===== Data block =====
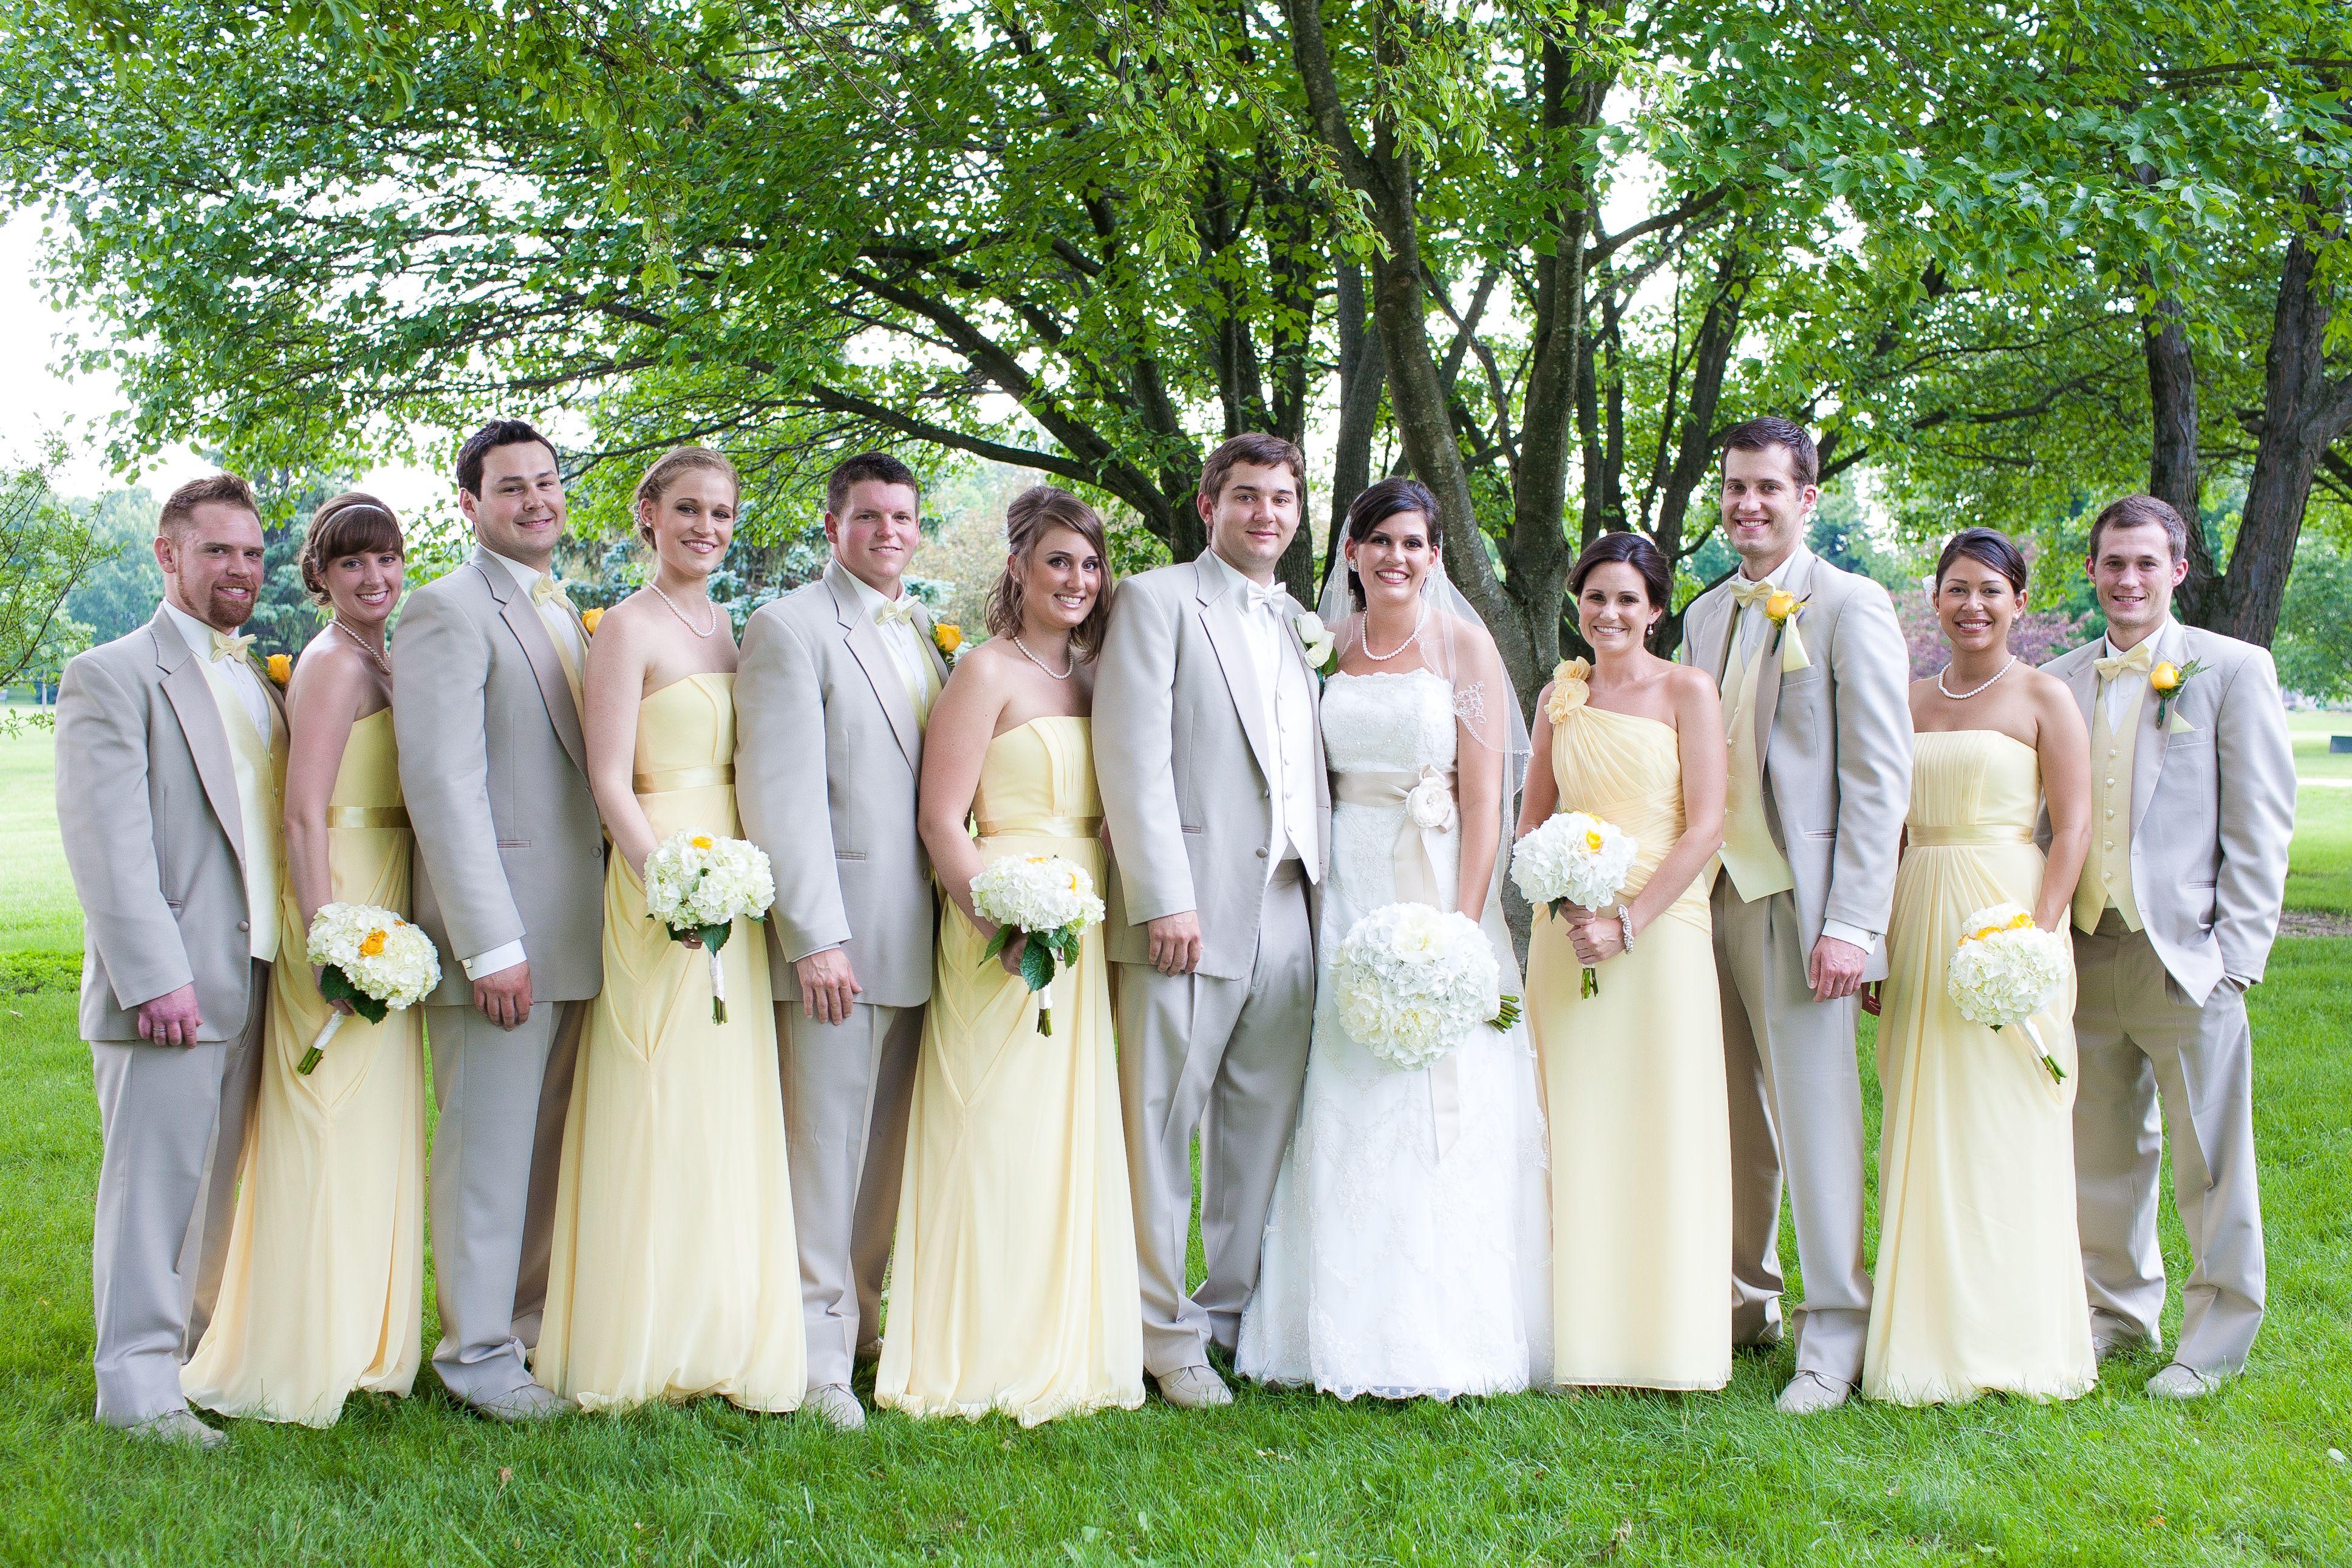 Wedding Party Yellow Tan
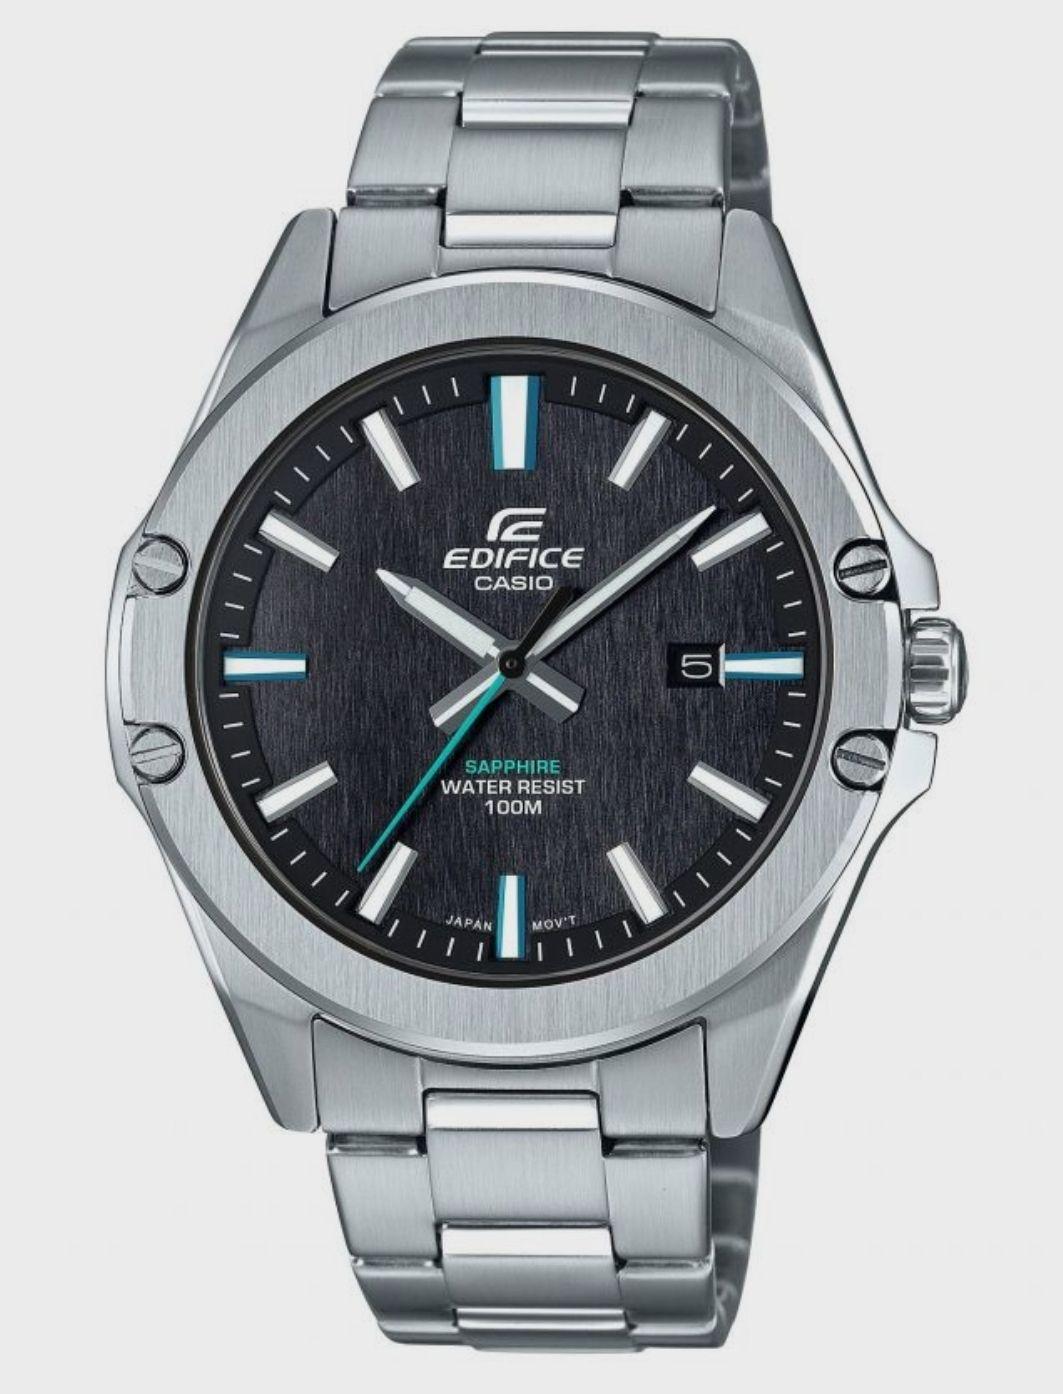 Casio Edifice Watch EFR-S107D-1AVUEF £81 at Watch Shop
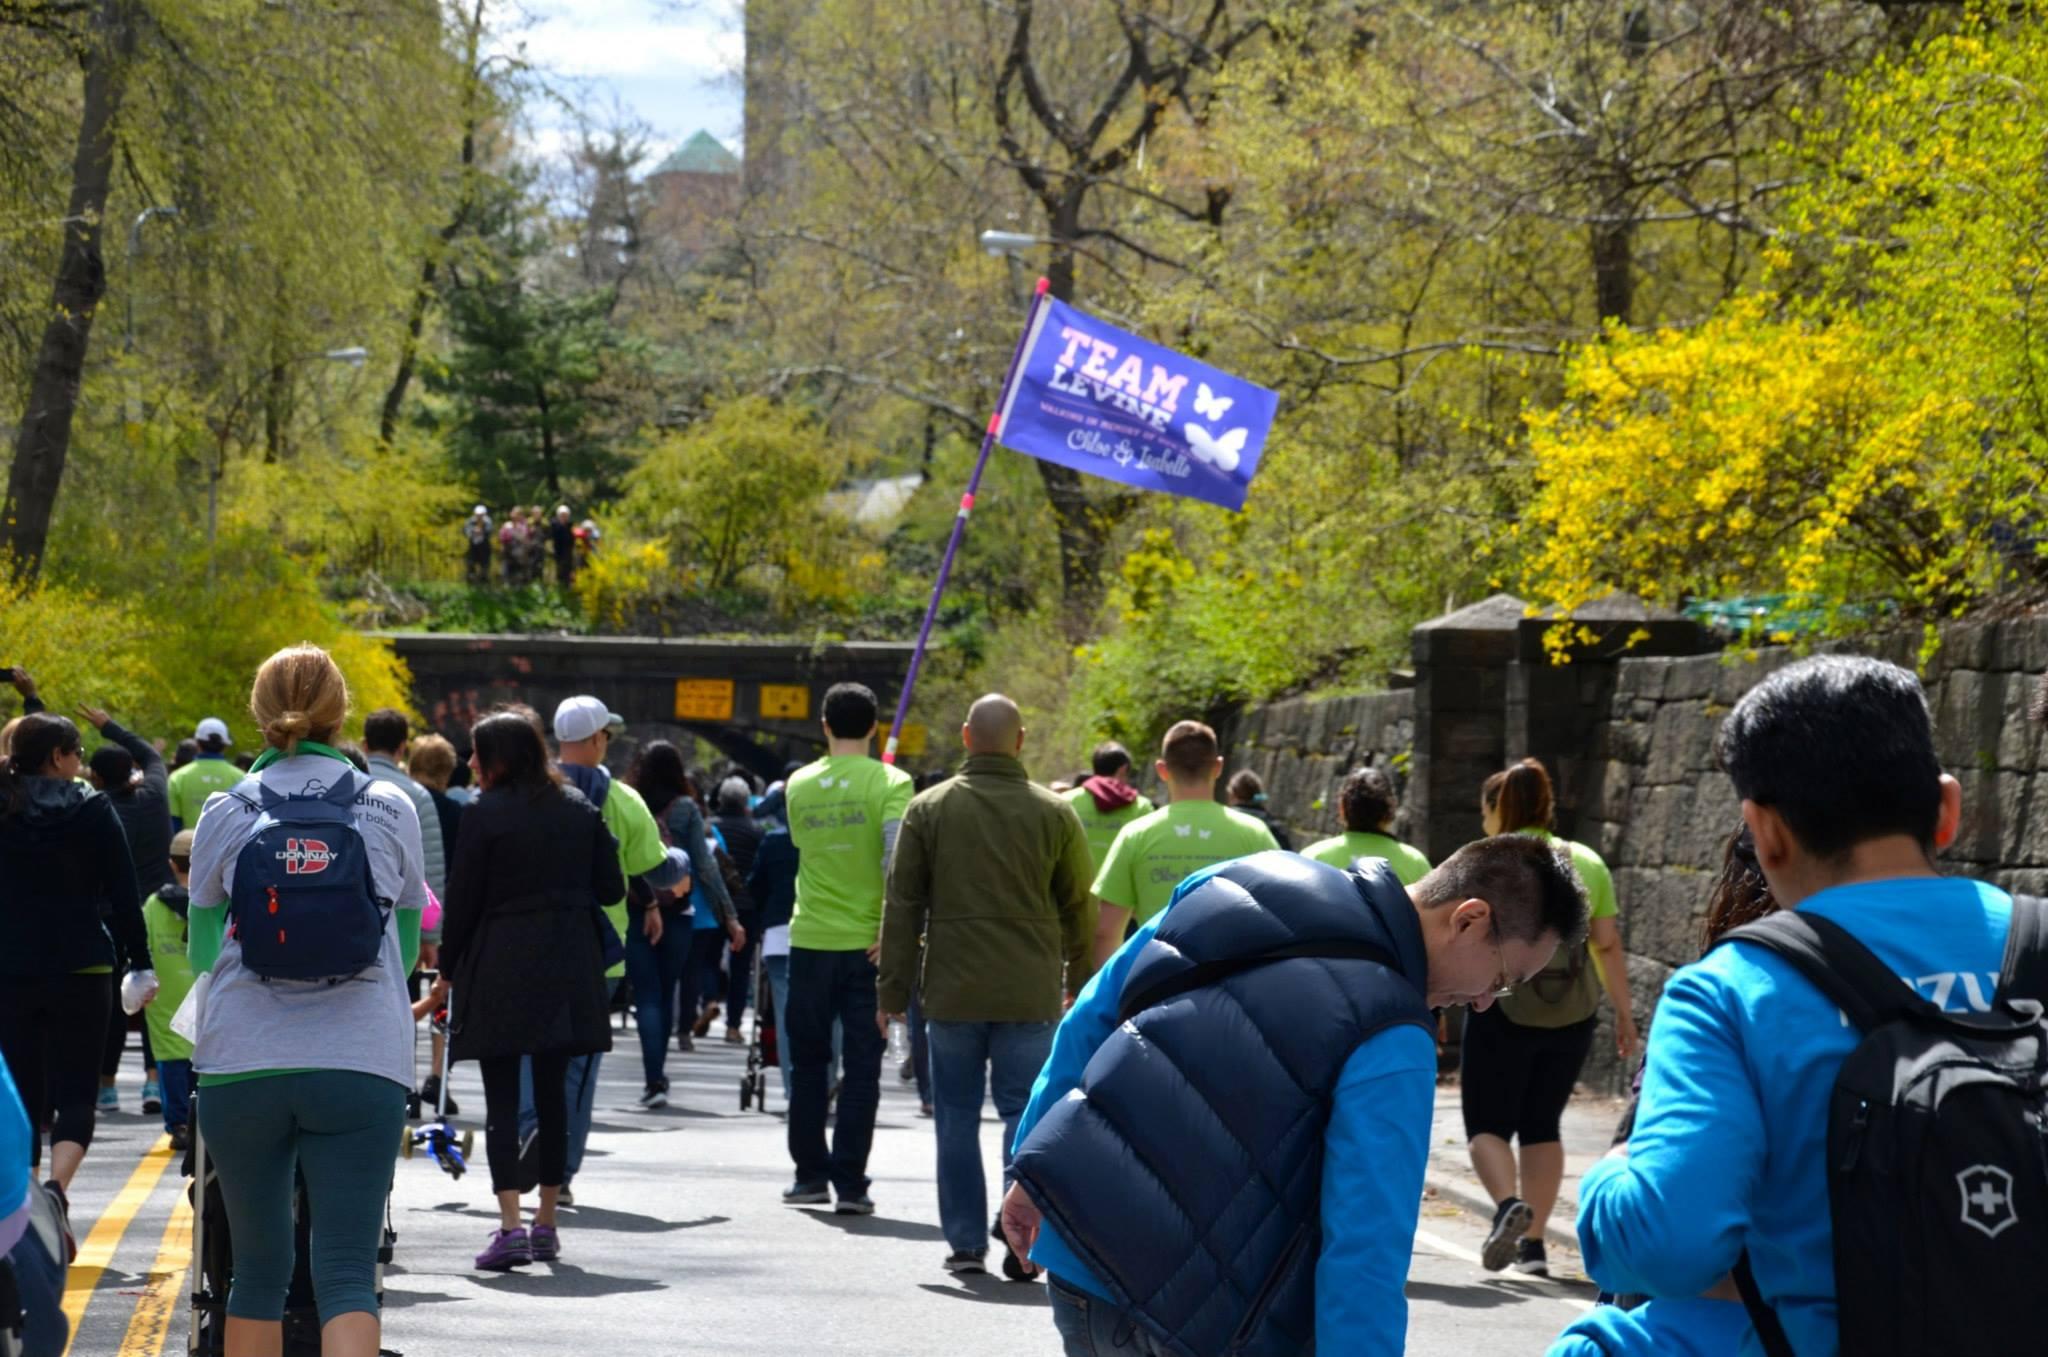 2015-march-for-babies-walk_16710135307_o.jpg
=====
Problem description
Would you repeat each line of the listing exactly, skipping any picture?

Written answer
 Wedding Party Yellow Tan
 Casio Edifice Watch EFR-S107D-1AVUEF £81 at Watch Shop
 2015-march-for-babies-walk_16710135307_o.jpg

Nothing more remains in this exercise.